Gannet numbers have fallen as a result of avian flu (Photo: Gail Johnson/Shutterstock)
Gannet numbers have fallen as a result of avian flu (Photo: Gail Johnson/Shutterstock)

When I’ve had the flu before now, I have been really miserable.

The aches and pains, the high temperature, that dry cough and sore throat. Don’t even talk to me about the constant trips to the toilet. I felt sick. I was sick. I couldn’t sleep and I couldn’t eat – very unlike me. I know, you’ve felt like that too.

Now, imagine you had a really bad flu and you were stuck on a rock out in the Atlantic. No thermometers to check your temperature, no Lemsips, no bed and, oh goodness gracious me, no toilet. Some are facing that awful situation right now.

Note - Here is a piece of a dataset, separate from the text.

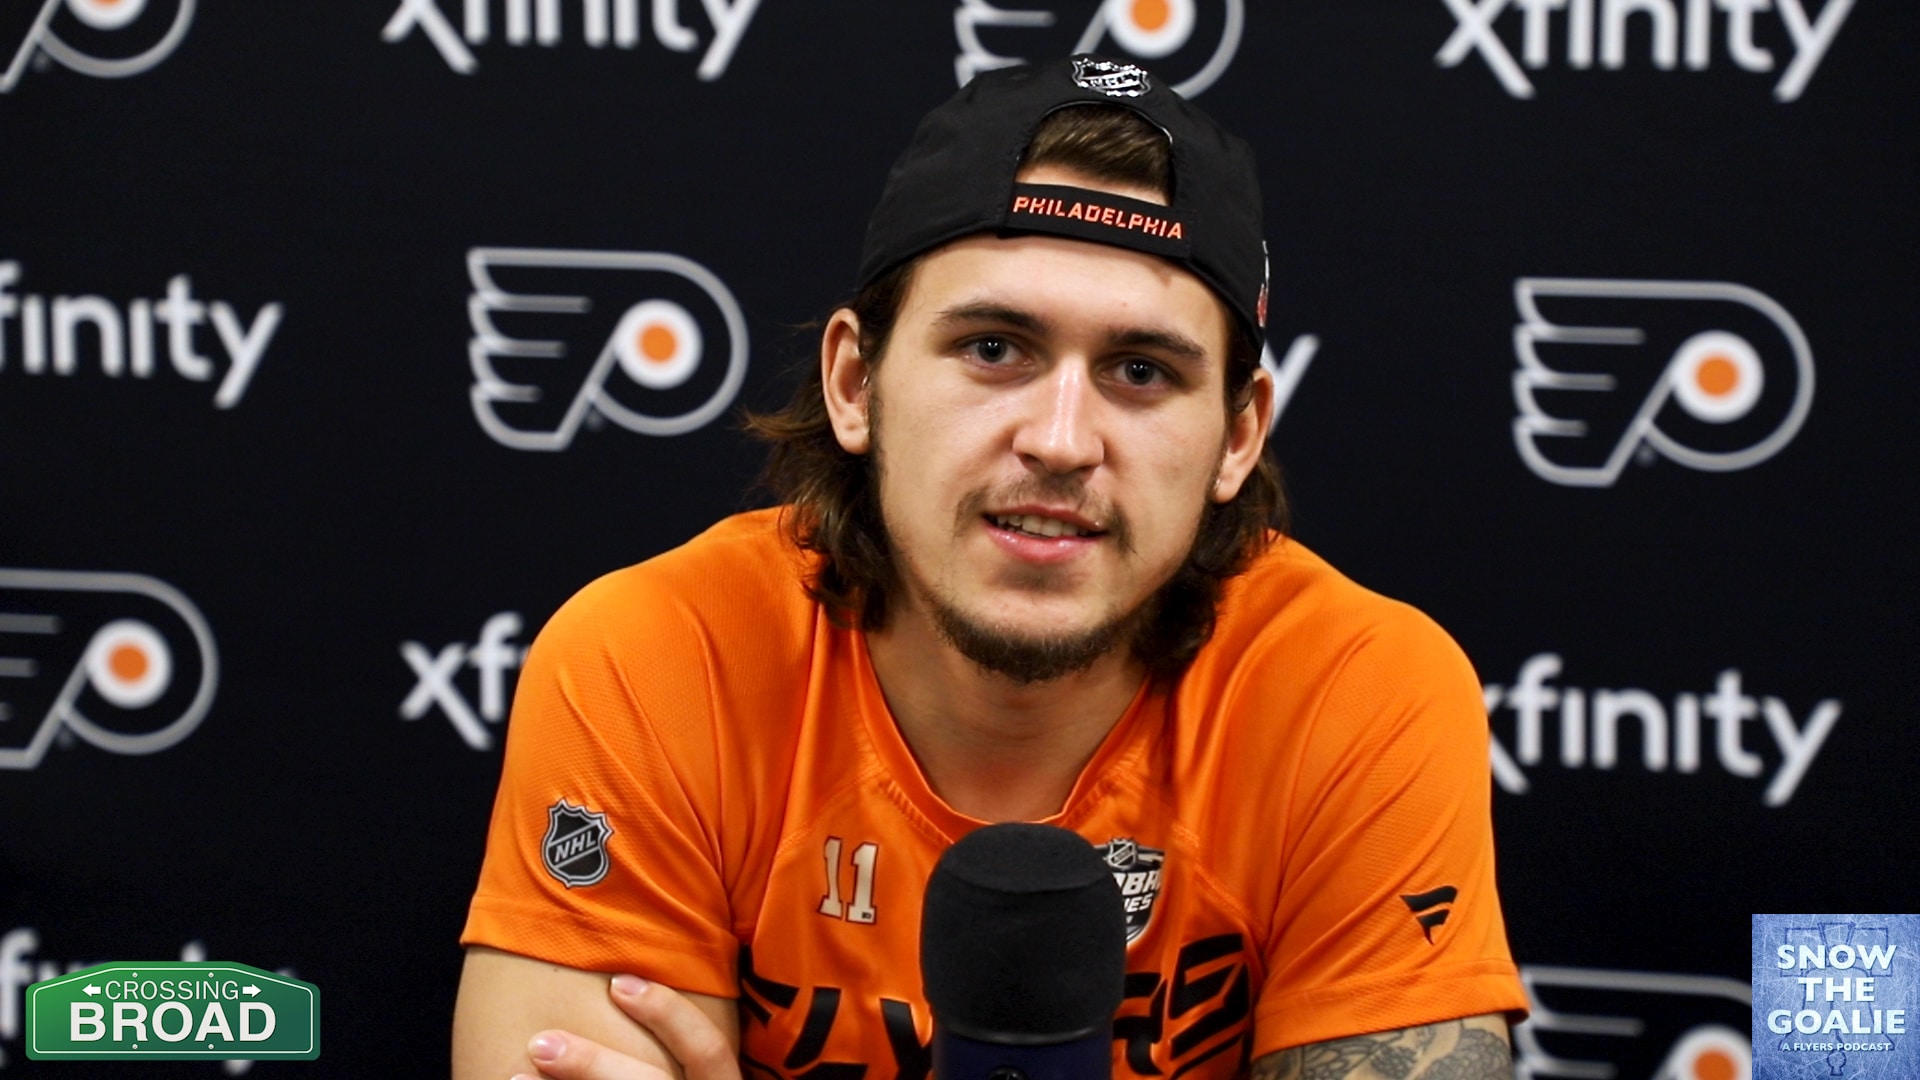 Snow The Goalie: Making an All-Star with Flyers Forward Travis Konecny

Not people, mind you, but birds.

The famous gugas out on the lonesome uninhabited island of Sula Sgeir, about 40 miles north of Lewis, appear to have a bad case of bird flu. It’s like severe Covid but also different, one guide says. Helpful.

Awful photos have shown many of the 20,000 solan geese, to give the guga its proper Sunday name, are sick and dying out on that blasted outcrop. The outbreak means the annual guga hunt by fishermen from Ness in the north part of the island, which was scheduled for next month, has been cancelled. Lucky for the 2,000 gugas due to be slaughtered this year, if you can call that luck.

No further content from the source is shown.